Joseph Stiglitz comments on the recent woes of the U.S. economy, which came as a rude awakening for the apostles of the "American dream." It is thanks to the special status of the dollar that Washington still enjoys an authority disproportionate to its objective economic capacities. So far, the U.S. military managed to deter any challenge to this privileged status. Nevertheless their position is eroding, both morally and militarily, in the face of emerging powers. Accordingly, the double veto by Russia and China on 4 February rang like a wake-up call back to reality. A rebalancing is inevitable, and it is the geopolitical impact of this economic readjustment that we have to brace for in 2012, according to the Nobel Prize in economics.
The year 2011 will be remembered as the time when many ever-optimistic Americans began to give up hope.
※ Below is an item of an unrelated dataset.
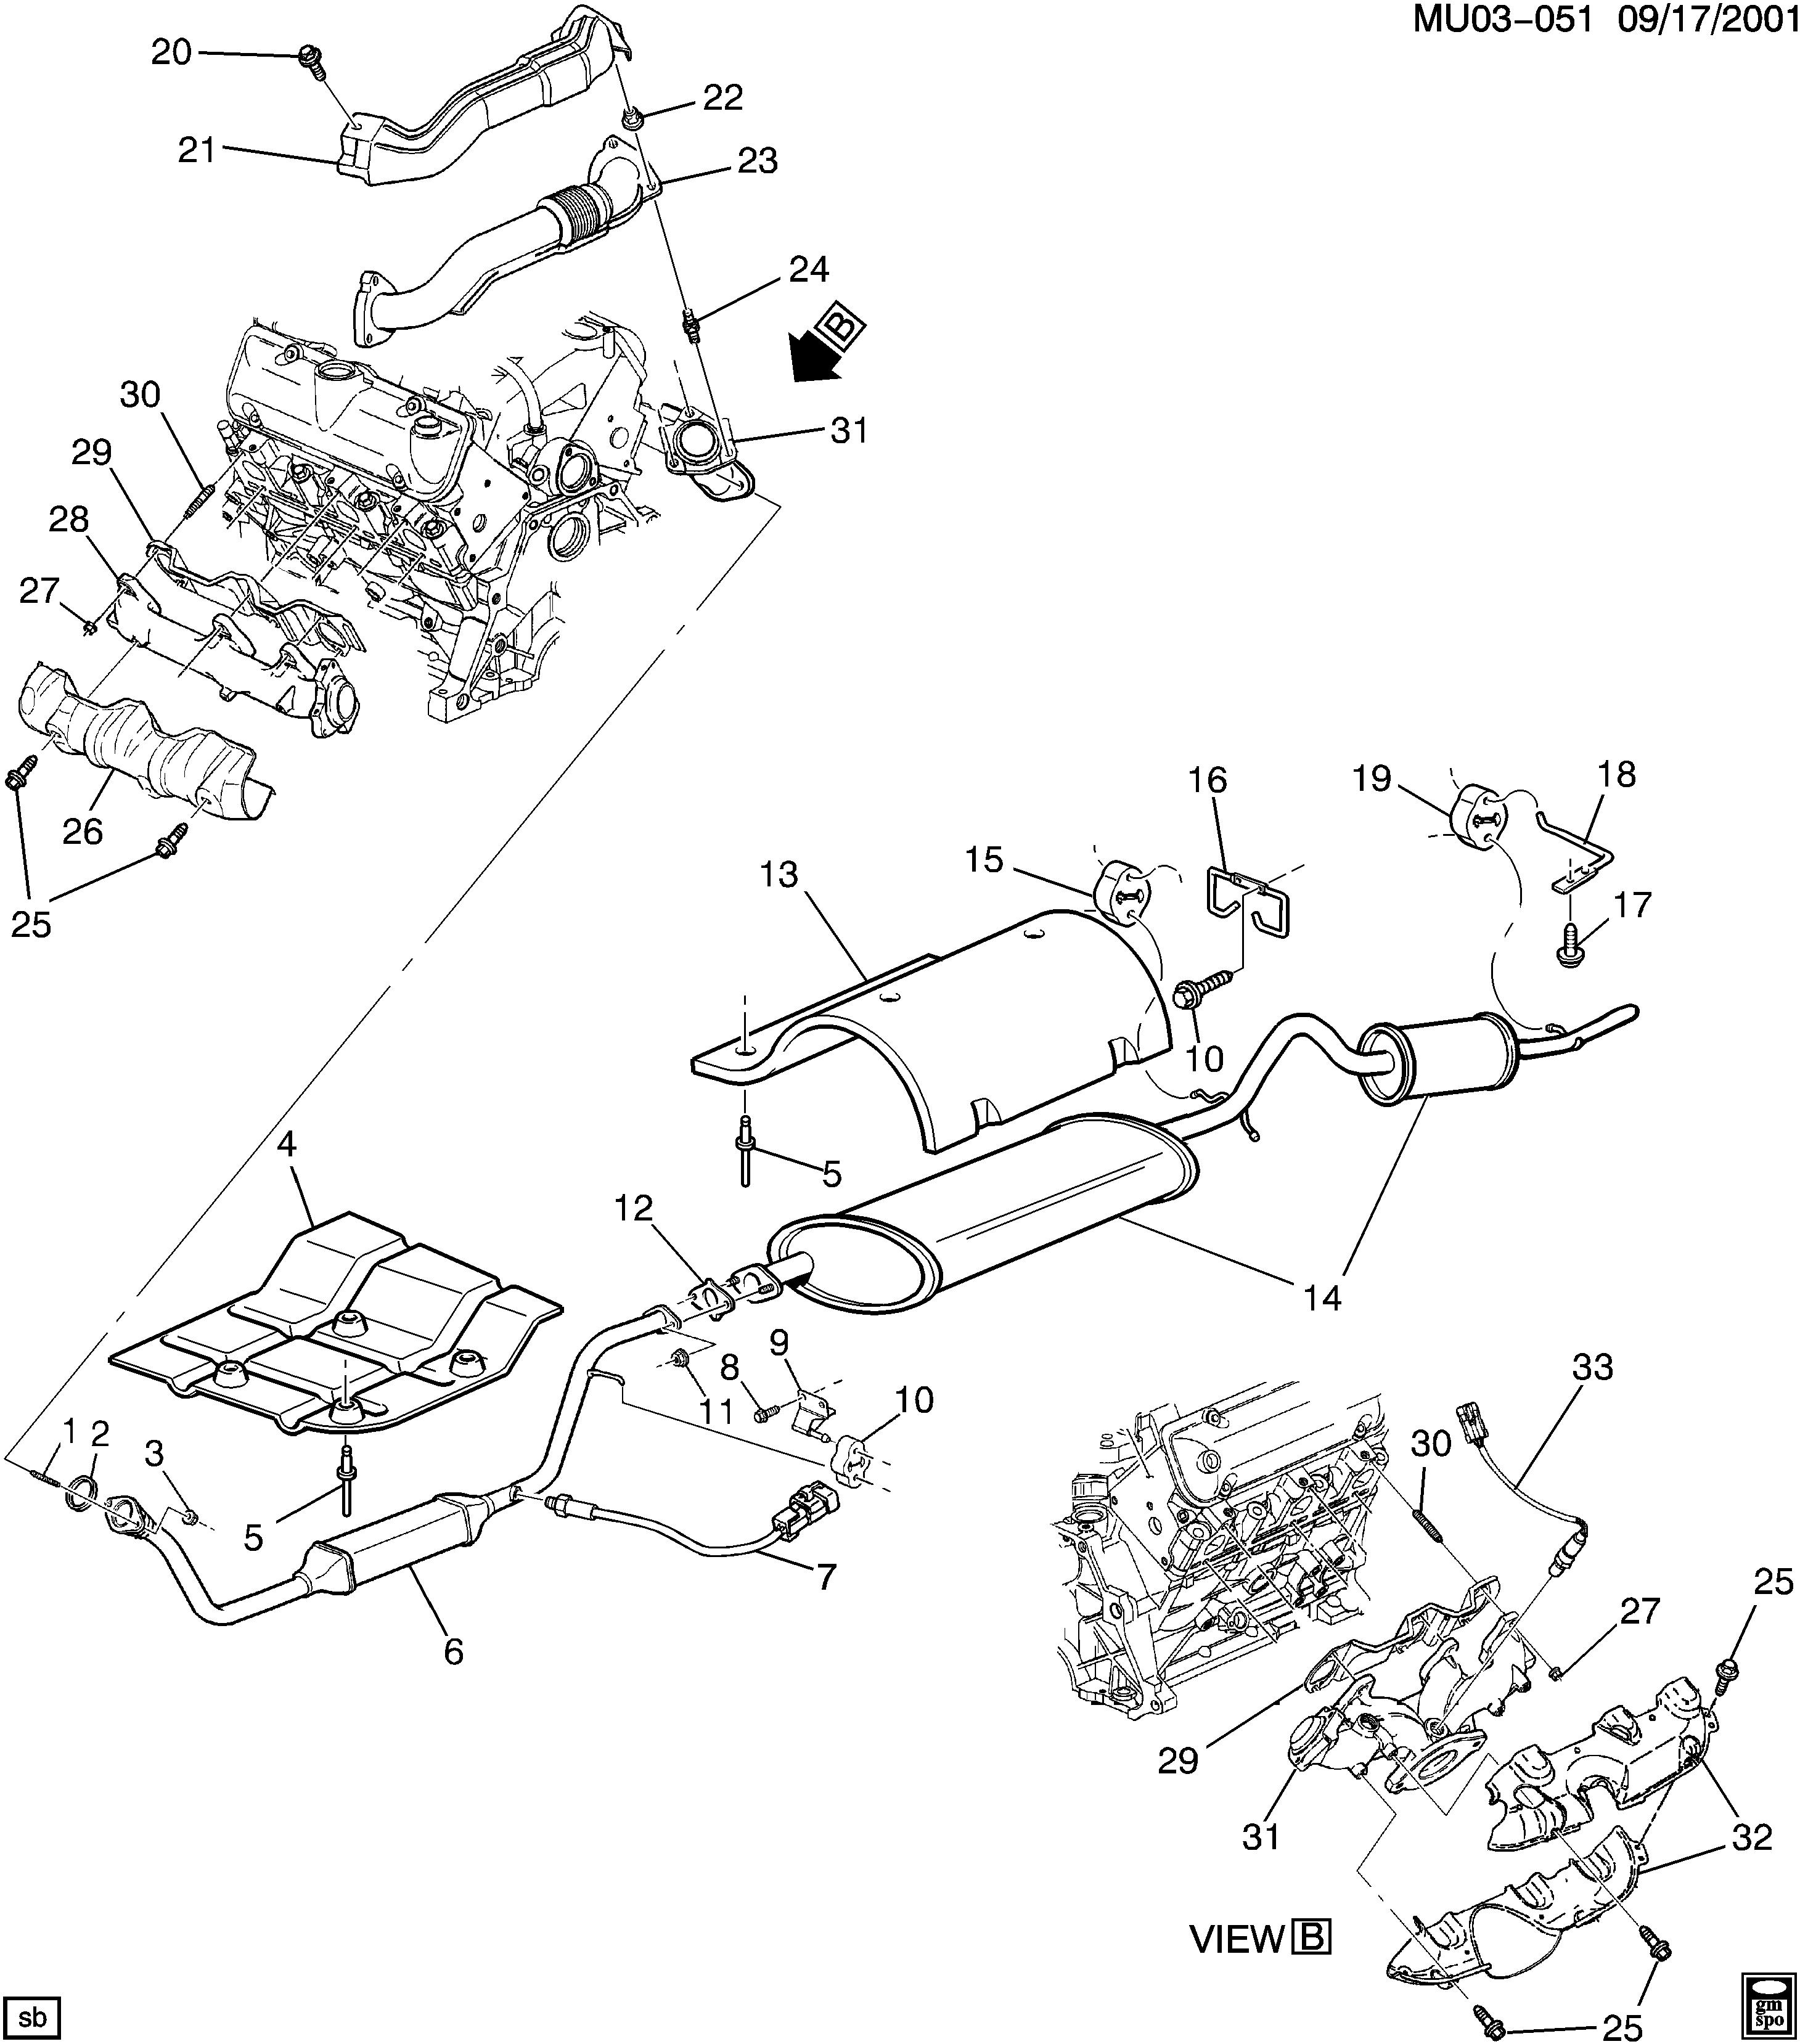 pontiac montana apv u exhaust system v6 la1 3 4e exc nm8 Mach II Maintenance u exhaust system v6 la1 3 4e exc nm8

President John F Kennedy once said that a rising tide lifts all boats. But now, in the receding tide, Americans are beginning to see not only that those with taller masts had been lifted far higher, but also that many of the smaller boats had been dashed to pieces in their wake.
In that brief moment when the tide was indeed rising, millions of people believed that they might have a fair chance of realising the "American Dream". Now those dreams, too, are receding. By 2011, the savings of those who had lost their jobs in 2008 or 2009 had been spent. Unemployment cheques had run out. Headlines announcing new hiring – still not enough to keep pace with the number of those who would normally have entered the labour force – meant little to the 50-year-olds with little hope of ever holding a job again.
Indeed, middle-aged people who thought that they would be unemployed for a few months have now realised that they were, in fact, forcibly retired. Young people who graduated from college with tens of thousands of dollars of education debt cannot find any jobs at all. People who moved in with friends and relatives have become homeless. Houses bought during the property boom are still on the market or have been sold at a loss. More than seven million American families have lost their homes.
The dark underbelly of the previous decade’s financial boom has been fully exposed in Europe as well. Dithering over Greece and key national governments’ devotion to austerity began to exact a heavy toll last year. Contagion spread to Italy. Spain’s unemployment, which had been near 20% since the beginning of the recession, crept even higher. The unthinkable – the end of the euro – began to seem like a real possibility.
This year is set to be even worse. It is possible, of course, that the United States will solve its political problems and finally adopt the stimulus measures that it needs to bring down unemployment to 6% or 7% (the pre-crisis level of 4% or 5% is too much to hope for). But this is as unlikely as it is that Europe will figure out that austerity alone will not solve its problems. On the contrary, austerity will only exacerbate the economic slowdown. Without growth, the debt crisis – and the euro crisis – will only worsen. And the long crisis that began with the collapse of the housing bubble in 2007 and the subsequent recession will continue.
Moreover, the major emerging-market countries, which steered successfully through the storms of 2008 and 2009, may not cope as well with the problems looming on the horizon. Brazil’s growth has already stalled, fuelling anxiety among its neighbours in Latin America.
Meanwhile, long-term problems – including climate change and other environmental threats, and increasing inequality in most countries around the world – have not gone away. Some have grown more severe. For example, high unemployment has depressed wages and increased poverty.
The good news is that addressing these long-term problems would actually help to solve the short-term problems. Increased investment to retro-fit the economy for global warming would help to stimulate economic activity, growth, and job creation. More progressive taxation, in effect redistributing income from the top to the middle and bottom, would simultaneously reduce inequality and increase employment by boosting total demand. Higher taxes at the top could generate revenues to finance needed public investment, and to provide some social protection for those at the bottom, including the unemployed.
Even without widening the fiscal deficit, such "balanced budget" increases in taxes and spending would lower unemployment and increase output. The worry, however, is that politics and ideology on both sides of the Atlantic, but especially in the US, will not allow any of this to occur. Fixation on the deficit will induce cutbacks in social spending, worsening inequality. Likewise, the enduring attraction of supply-side economics, despite all of the evidence against it (especially in a period in which there is high unemployment), will prevent raising taxes at the top.
Even before the crisis, there was a rebalancing of economic power – in fact, a correction of a 200-year historical anomaly, in which Asia’s share of global GDP fell from nearly 50% to, at one point, below 10%. The pragmatic commitment to growth that one sees in Asia and other emerging markets today stands in contrast to the west’s misguided policies, which, driven by a combination of ideology and vested interests, almost seem to reflect a commitment not to grow.
As a result, global economic rebalancing is likely to accelerate, almost inevitably giving rise to political tensions. With all of the problems confronting the global economy, we will be lucky if these strains do not begin to manifest themselves within the next 12 months.